There are two sludge incinerators at the Field's Point facility, but only one is in current use. The Commission plans to dismantle the older incinerator, originally constructed in 1948, and not presently in service. The Commission has been incinerating sewage sludge in a multiple hearth unit incinerator, originally constructed in 1963, since August 1990, pursuant to approvals received from the State Department of Environmental Management and the United States Environmental Protection Agency (EPA) in 1989.

The Commission's sewage sludge incineration at Field's Point is closely monitored and regulated by the Wastewater Management Branch of the United States EPA under the Federal sludge management program, authorized by 33 U.S.C. § 1251, et seq. (Clean Water Act) and regulated under 40 C.F.R. Part 503 ("the 503 program"). In addition, another branch of the EPA monitors the testing of the air emissions from the Commission's incinerator under 42 U.S.C. § 7414 (Clean Air Act). On August 30, 1994 the Commission received a final permit to operate the multiple hearth incinerator at Field's Point from the EPA.

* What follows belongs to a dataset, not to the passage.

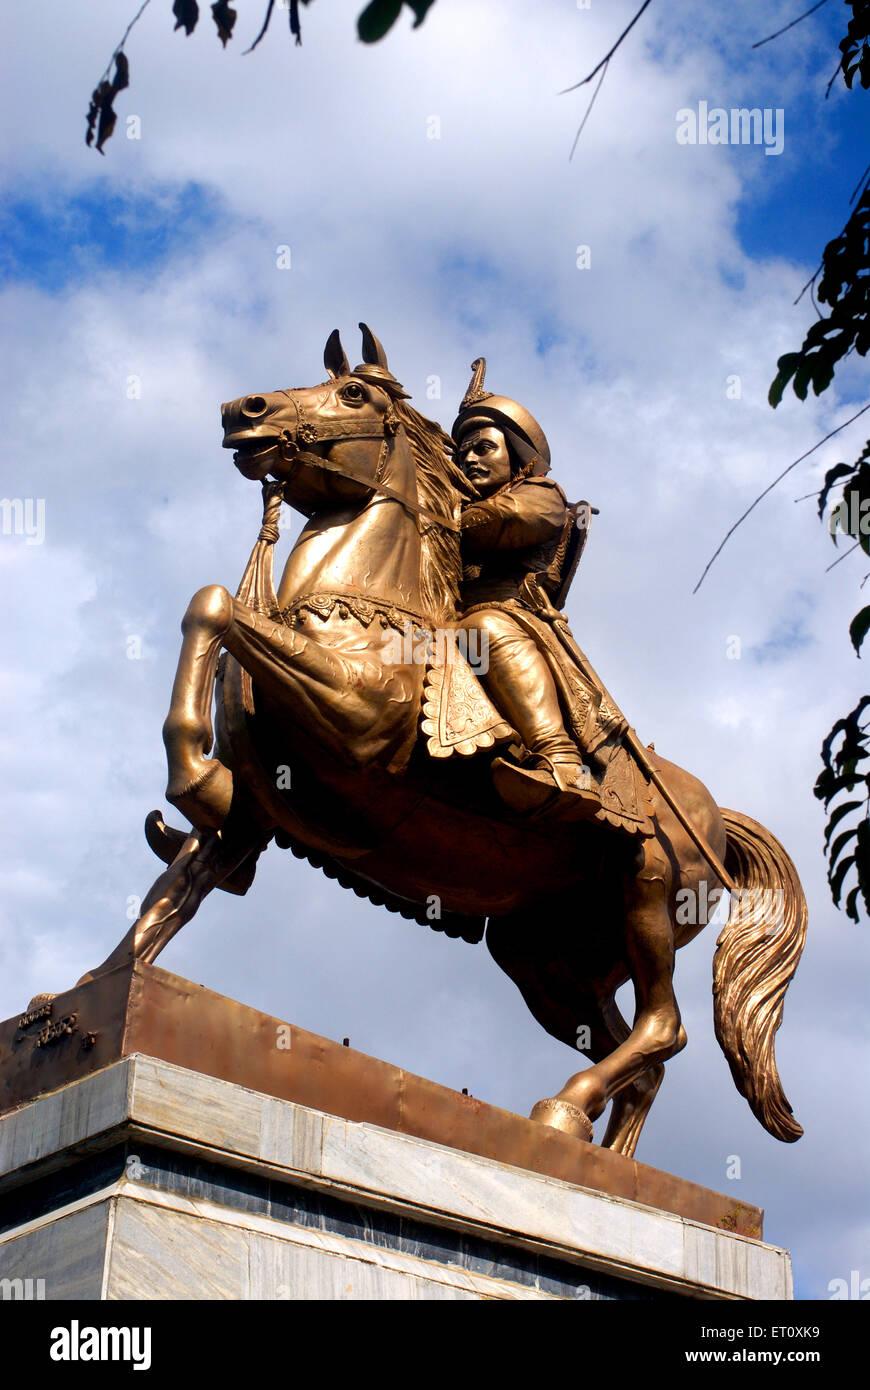 Reiterstatue von Thorale senior Bajirao Peshwa Bronze Metall Maratha; Pune; Maharashtra; Indien Stockfoto

The two facilities generate approximately 30 to 35 dry tons of sludge per day every day. Of that total, 20 to 25 tons is currently incinerated at Field's Point each day. Any excess is deposited either at the Bucklin Point landfill, temporarily, or, eventually, at the central landfill operated by the Solid Waste Management Corporation. The ash from the incineration process is slurried, dried and deposited at the central landfill as a cover.

NETCO-ER
NETCO-ER is a Delaware limited partnership. Its sole general partner is NETC Energy Recovery Systems, Inc. Both of these entities are affiliates of New England Treatment Company, Inc. ("the Company"), a Rhode Island corporation, which claims to provide non-hazardous sludge disposal services to municipal wastewater treatment plants and certain industries. The Company owns and operates a sludge disposal facility in Woonsocket, which is identified as a back-up site for disposal of the Commission's sludge under the proposed agreement. NETCO-ER has no experience in developing sludge treatment services and will rely on the expertise of its "affiliates," which include the Company, in the execution of the proposed agreement.

The Proposed Agreement
The requirement to dispose of the combined sewage sludge output from Field's Point and Bucklin Point required that the Commission seek a long-term solution to its sludge disposal problems. The Commission needed a guaranteed ability to dispose of at least 30 dry tons per day, a design average of 45 dry tons and a peak capacity of 58 dry tons per day. The Commission had not initially decided between a "public" approach, whereby a contractor would plan, design, permit and construct a facility, which would be purchased and operated by the Commission, after the facility was up and running and satisfied the Commission's requirements, and a "privatized" approach, whereby the contractor would finance, plan, design, permit and construct the facility, which it would own and operate under a long term service agreement with the Commission.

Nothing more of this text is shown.